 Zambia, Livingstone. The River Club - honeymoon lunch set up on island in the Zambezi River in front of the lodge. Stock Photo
----
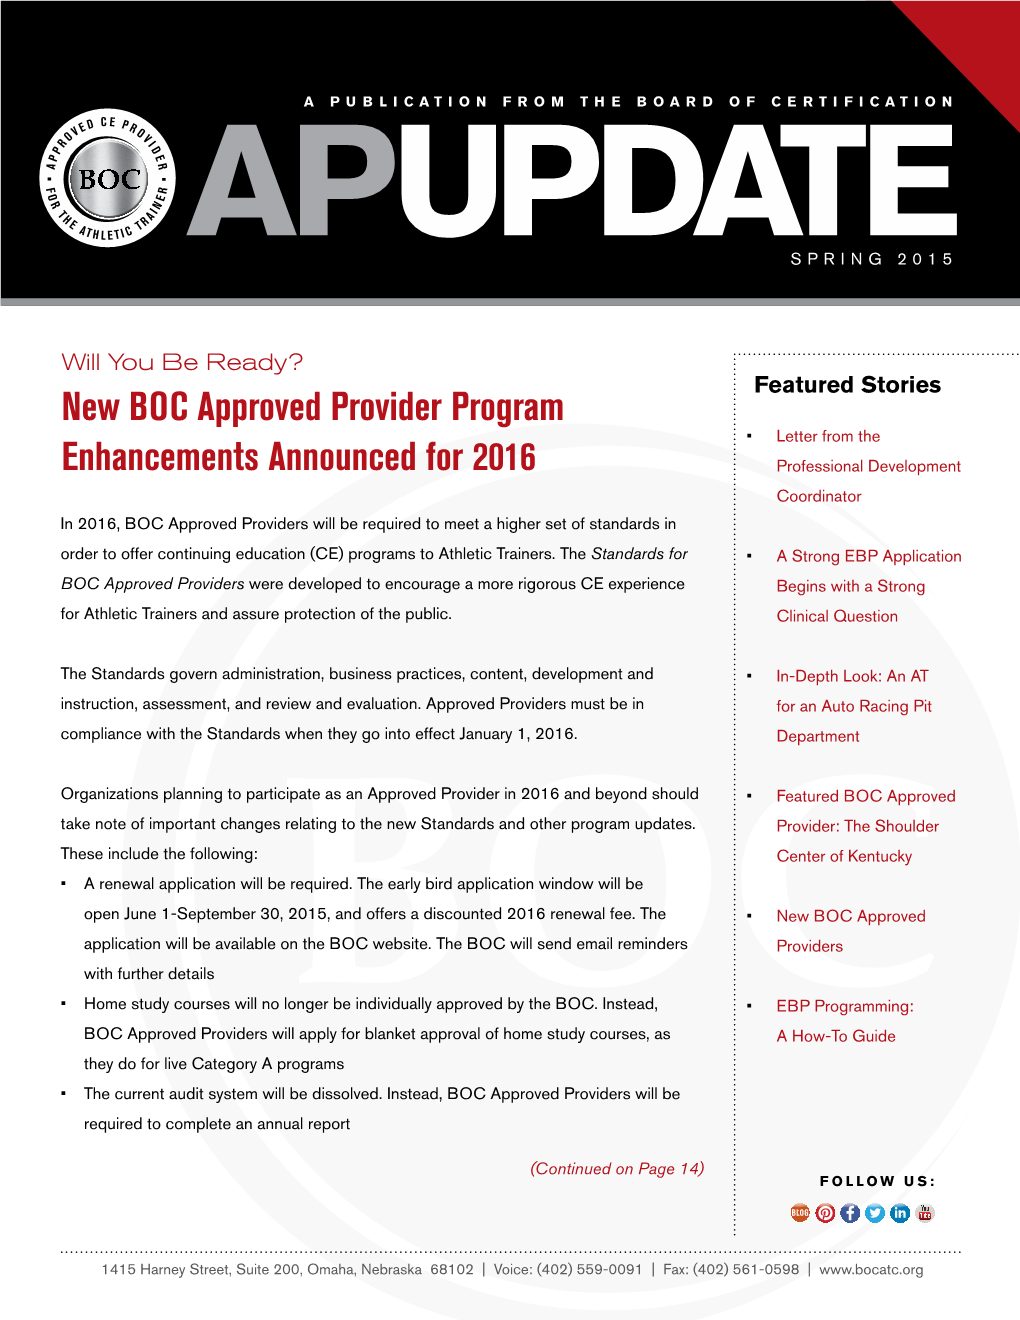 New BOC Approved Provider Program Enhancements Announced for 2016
----
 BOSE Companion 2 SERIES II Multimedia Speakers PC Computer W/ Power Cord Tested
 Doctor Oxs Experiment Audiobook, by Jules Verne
----
Exercise description :: In the listing above, find the line with "BOSE Companion 2" and the line with "Doctor Oxs Experiment", then print exactly those two lines and every line between them, and nothing more.

Response to the exercise ::
 BOSE Companion 2 SERIES II Multimedia Speakers PC Computer W/ Power Cord Tested
 Doctor Oxs Experiment Audiobook, by Jules Verne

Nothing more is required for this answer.